We (Cayla Skillin-Brauchle and Danielle C. Wyckoff) have come together to birth Reproductive Media, a project that focuses on all things family, gender, sex, and reproduction. Iterations of Reproductive Media have included a Mobile Zine Library and performative actions and workshops in which we facilitate discussions on these themes. The Reproductive Media Zine Library’s collection includes dozens of contributors who have produced zines related to these topics, ranging from personal experiences to statistics and facts. Our curatorial vision for this library is inclusive: we encourage individuals to share diverse information, experiences, and interpretations. This collection is an ongoing and ever-growing library.
Part of Reproductive Media’s larger mission is to provide educational and advocacy materials and support. Current resources we have produced as free booklets include ways to advocate for family-friendly* workplaces, suggestions for creating more inclusive educational settings, and other tools to advocate for legislative change such as ones that would support families for medical leave. (*We recognize an inclusive definition of family and remember that people receive love and support from partners, elders, children, siblings, lovers, pets, friends, and more.)
Reproductive Media stems from our shared investment in discussion and because our individual artistic practices utilize conversation and crowdsourcing as a tactic to research and create projects. Wyckoff’s project, “Please Tell Me a Story About Love,” has traveled around the world asking folks to do just that. The project’s open-ended structure situates the artist as listener, hearing and recording stories about all forms of love. Skillin-Brauchle’s “Data Collection” performances seek to create local data sets by interviewing community members in public places. While disparate in their approaches, these projects act as non-judgemental agents, recorders of contemporary experience. Our projects focus on the ‘local,’ whether that be a site or a community, and both projects collect responses that fuel our individual artwork in other material forms.
We believe that critical discussions require space.
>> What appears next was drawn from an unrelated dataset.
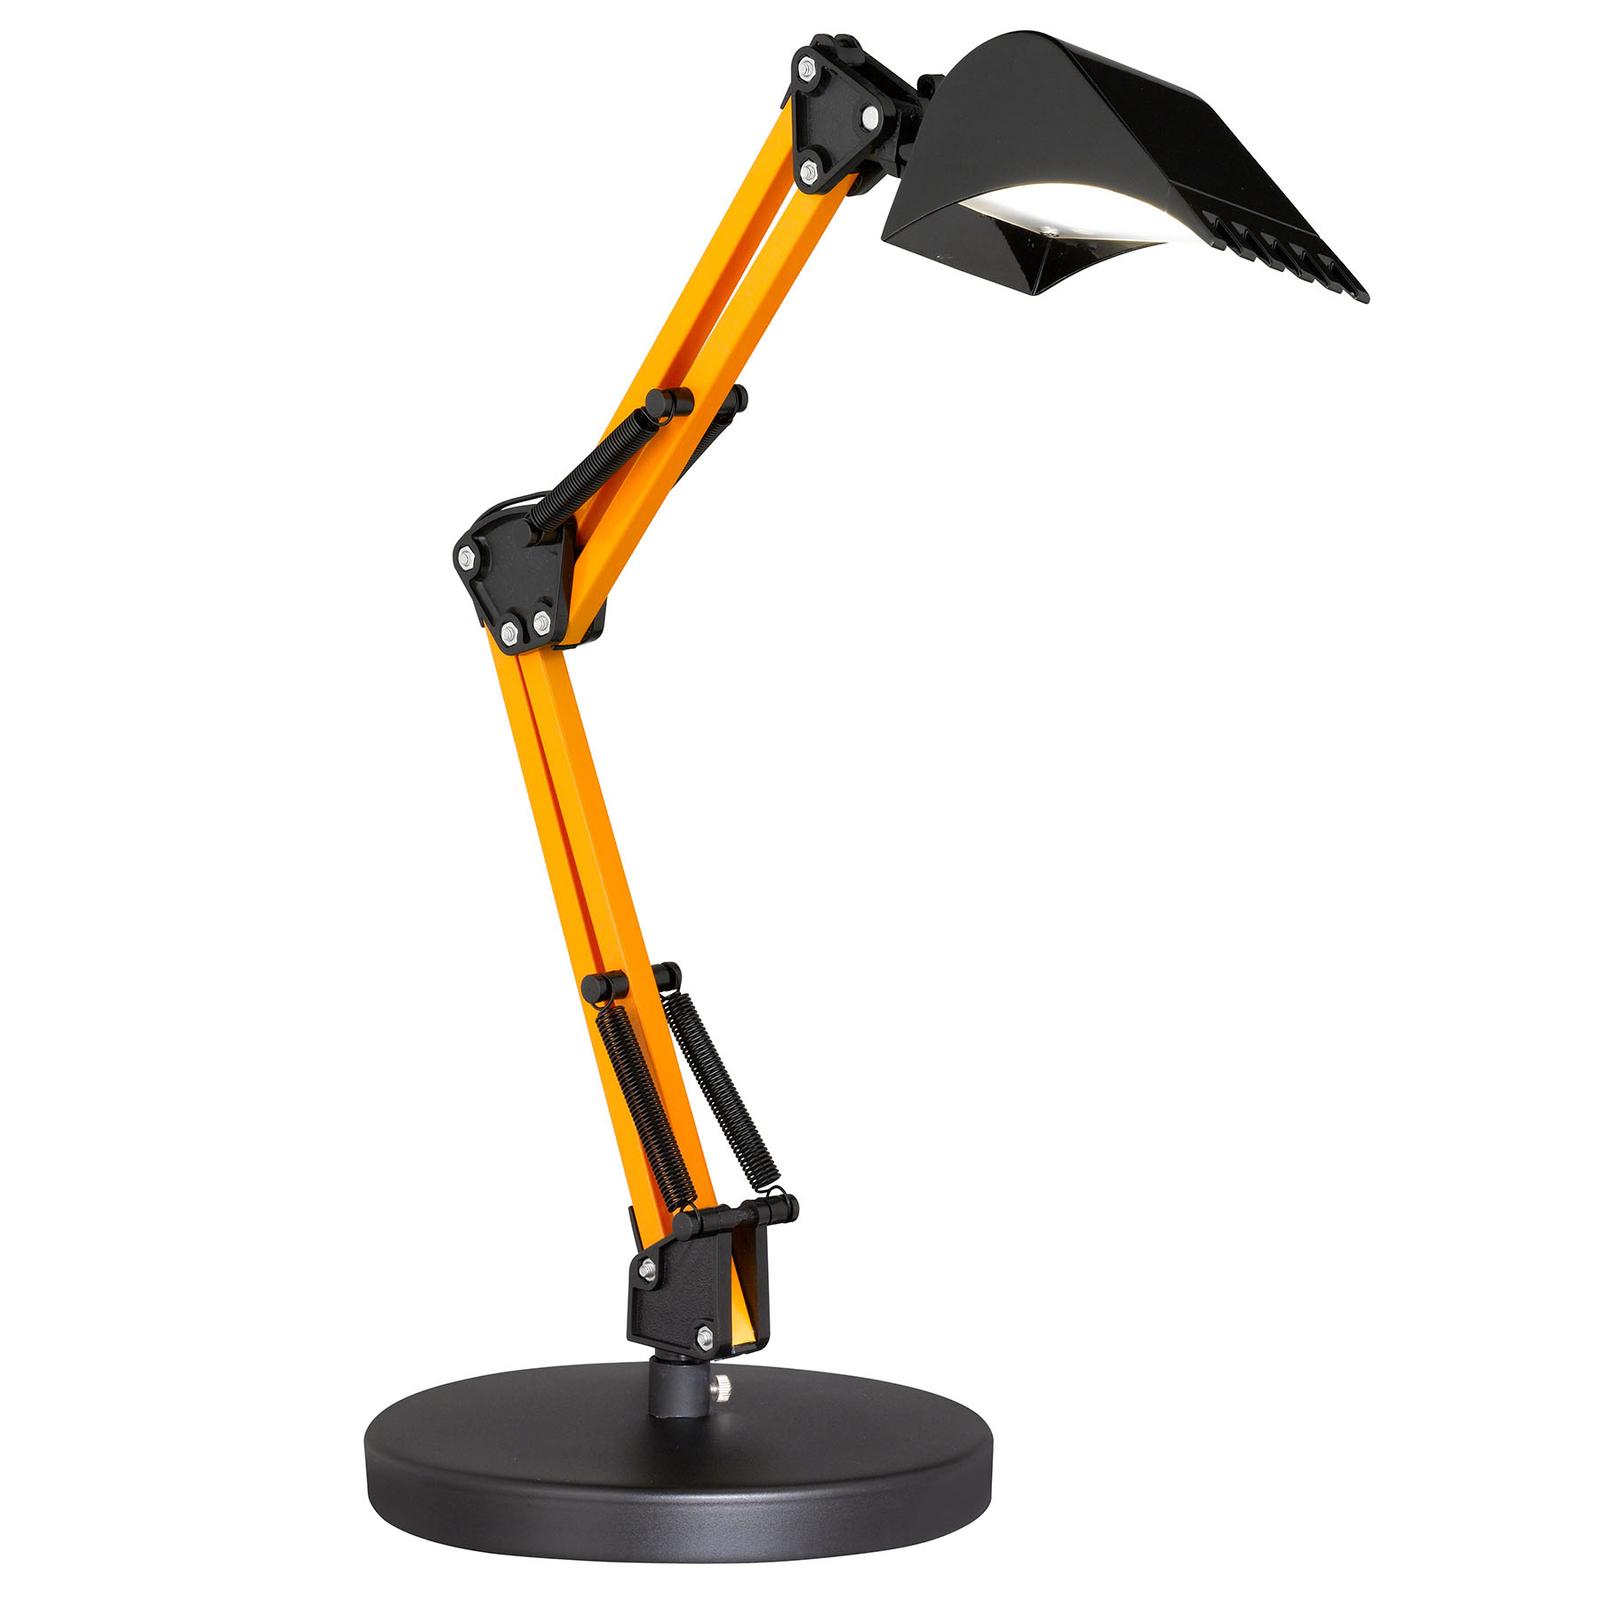 LED-Tischleuchte Scoop als Baggerschaufel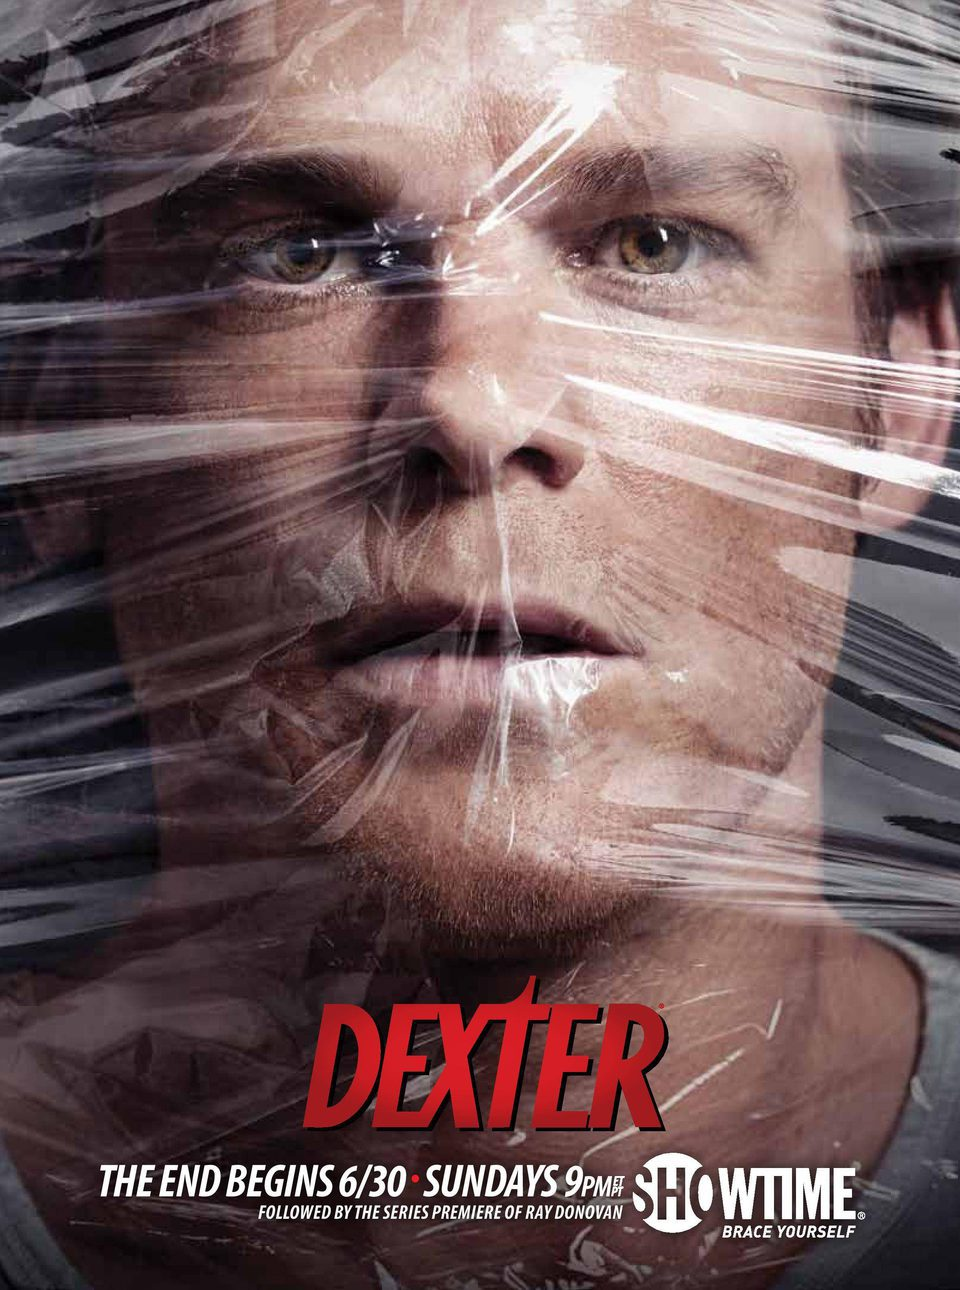 Temporada 8 poster for Dexter

Reproductive Media creates such a space, one that is a public yet private forum, to talk about all things family, sex, gender, and reproduction: the choice to parent or not; the experiences of non-binary lives; governmental policy that is restrictive and policy that is protective; the challenges and rewards of parenting; experiences of becoming a parent through adoption, foster care, birth, or other paths; LBGQTIA+ rights; infertility and the emotional, physical and financial implications; miscarriage and fetal loss; birth control; abortion; models of prenatal care and giving birth (medical model and midwifery model); reproductive rights; reproductive privilege based on identity and socio-economics; sex; babies; gender; consent.